In a virtual press conference in Tehran, foreign ministry spokesman Saeed Khatibzadeh said on Monday it was not “unnatural” for Saudi rulers to make such remarks.

“But I believe Iran’s message has been clear … the Saudi regime must know that peace cannot be achieved through killing the people of Yemen, the region cannot be ruled through propagating Wahhabism and takfiri groups, money cannot be spent to lobby, and resources of the Muslim world cannot be spent to betray Palestine,” he said.

“So long as Saudi rulers don’t turn back from this wrong path, there will be no prospect of improving the isolated Saudi situation even in the Persian Gulf region.”

The 84-year-old Saudi ruler also told the United Nations General Assembly in September that the world needs to combat Iran’s “expansionism”.
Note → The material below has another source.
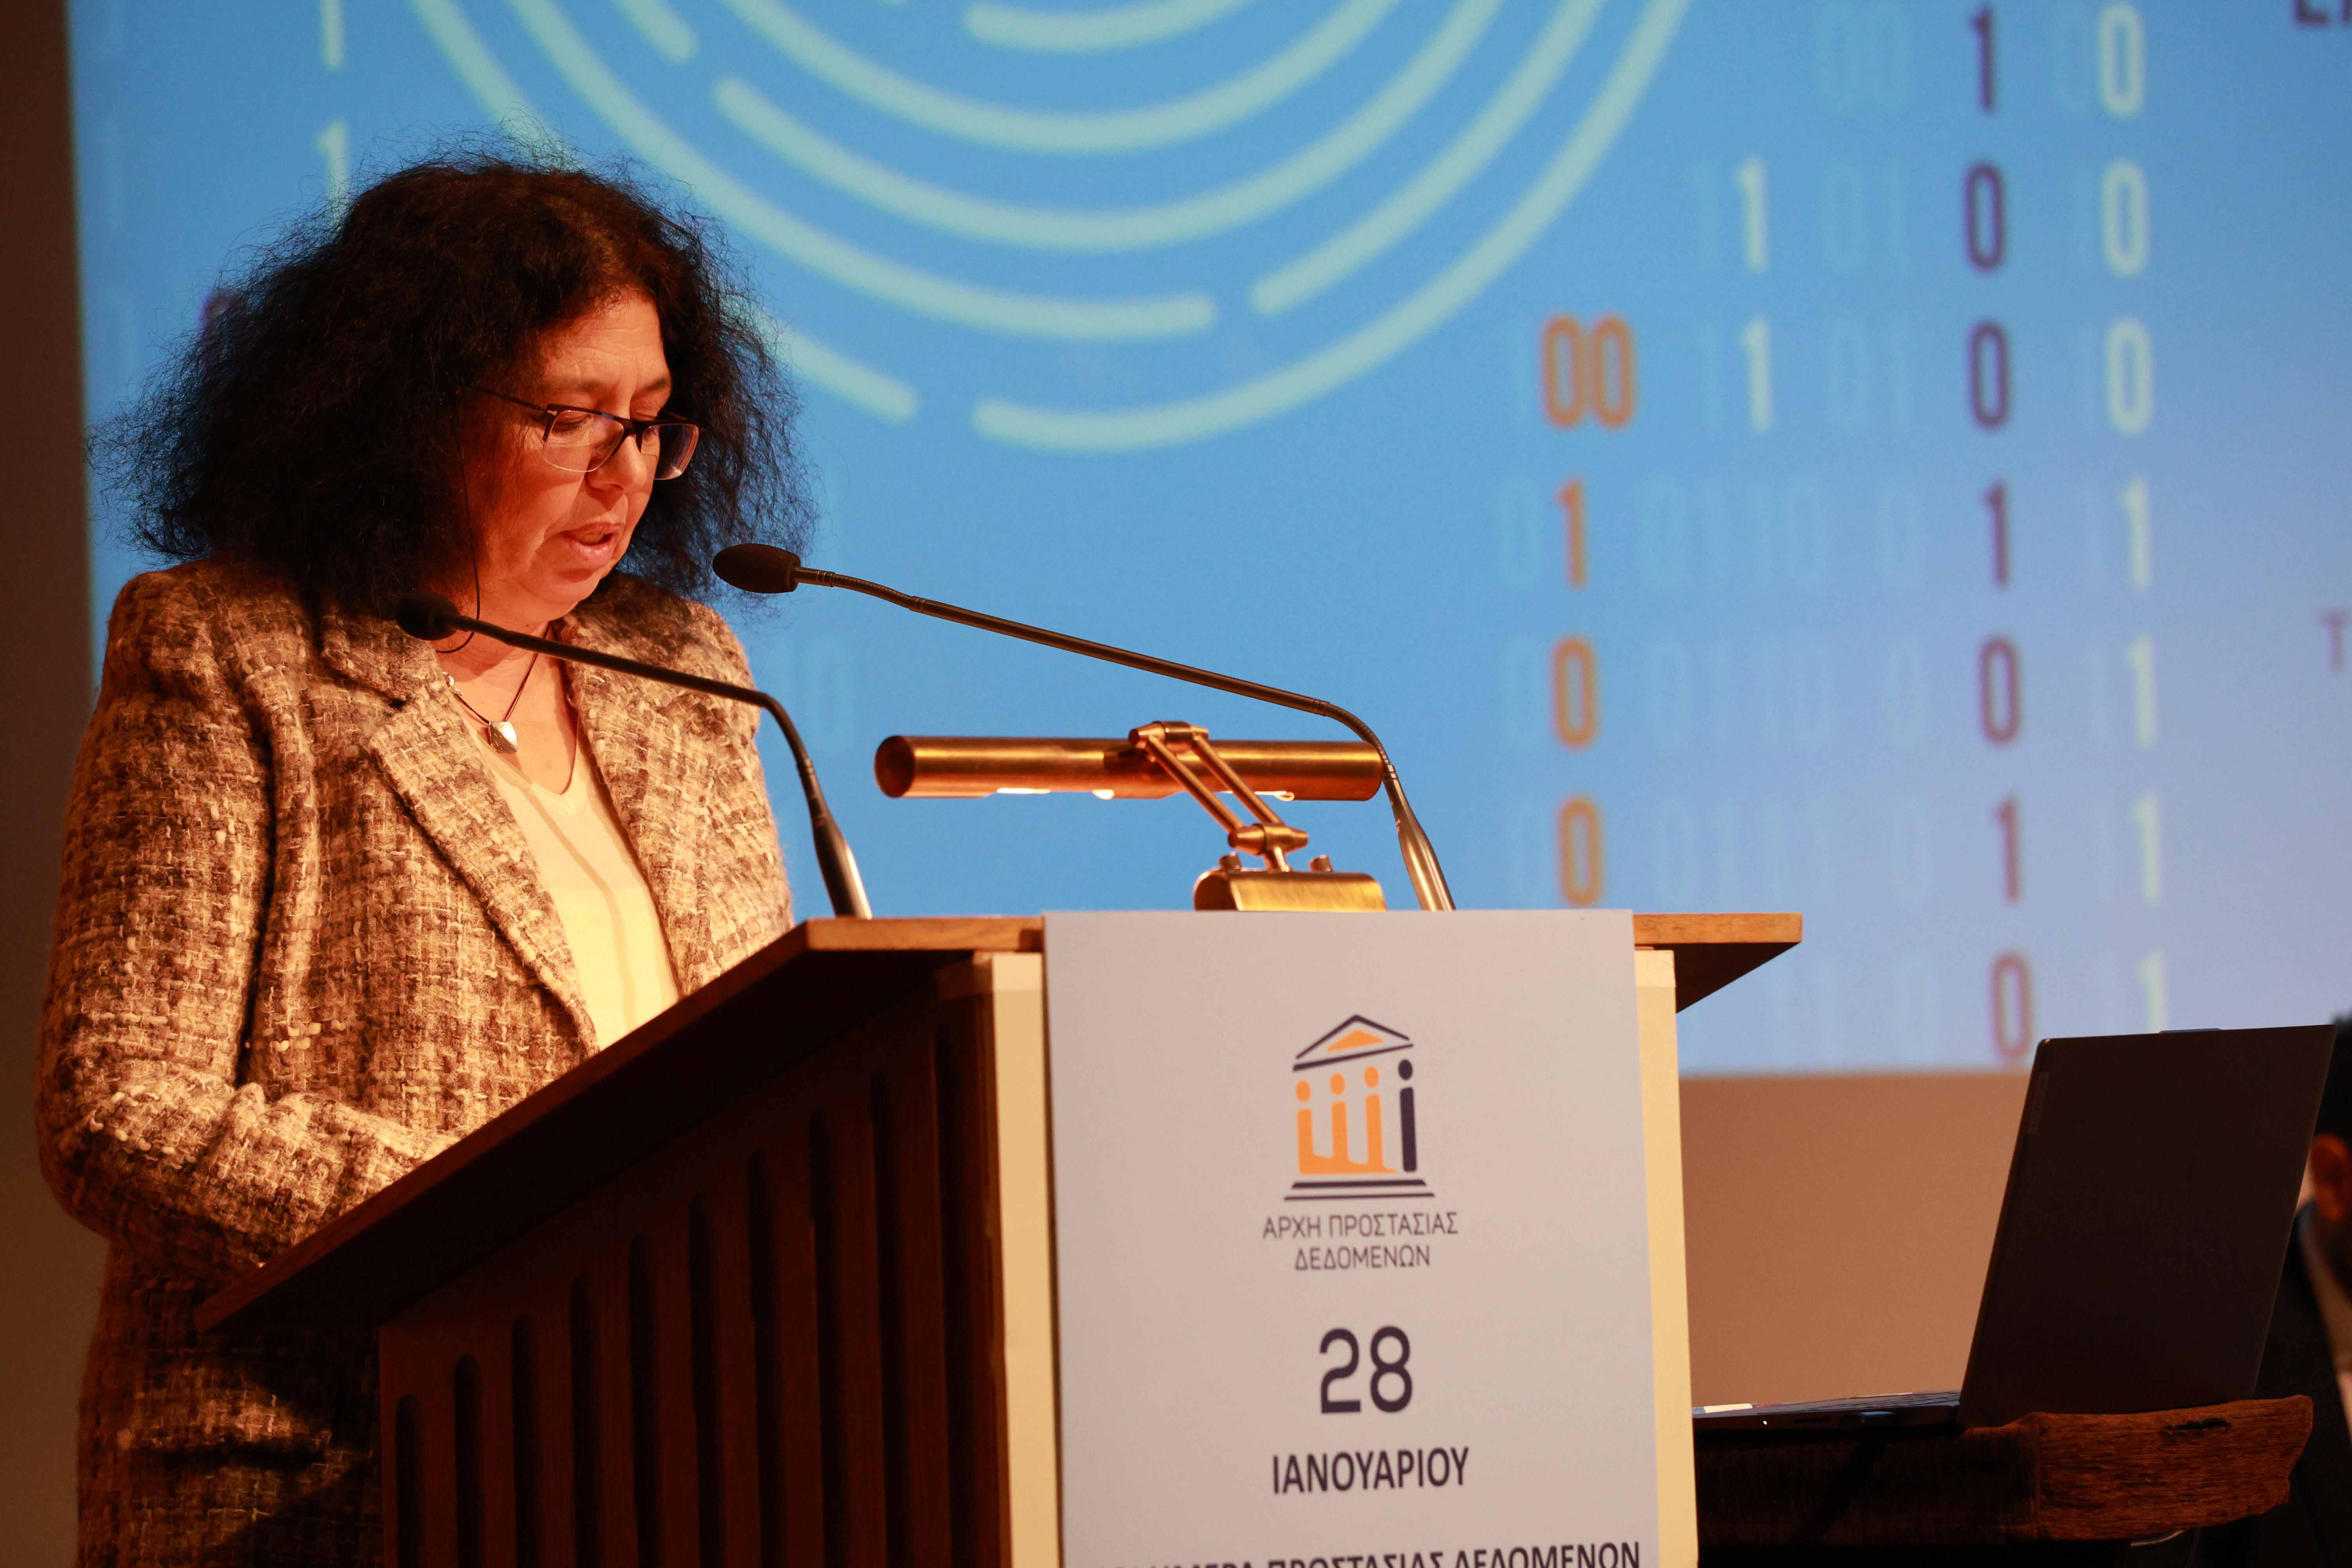 Lilian Mitrou, Professor of the University of the Aegean

Saudi Arabia and Iran have been locked in several proxy wars in the region for years. In Yemen, a Saudi-led coalition has been battling the Tehran-aligned Houthi movement for more than five years.

Regional Muslim unity

On Monday, the Iranian spokesman also sent a message of unity to Muslim countries in the region.

Khatibzadeh said it is “painful” that the region finds itself in a situation where those that were supposed to help and advance it have betrayed it.

“Based on our beliefs, the hand of friendship of the Islamic Republic is still open to all Islamic countries,” he said.

“We are all familiar with the plans and schemes of the Saudis. We did not choose to be neighbours, but we are. They have no choice, and all of us have no choice, but to become united to advance this region.”

Tensions in the region have steadily grown since outgoing US President Donald Trump in May 2018 withdrew from a 2015 landmark Iran nuclear deal with world powers and unilaterally imposed sanctions on Iran.

Saudi Arabia and a number of other Arab states have been fervently supporting sanctions on Iran.

US president-elect Joe Biden has promised to return to the nuclear deal, but has said he will seek to put pressure on Iran’s regional activities and missile programmes, among other things.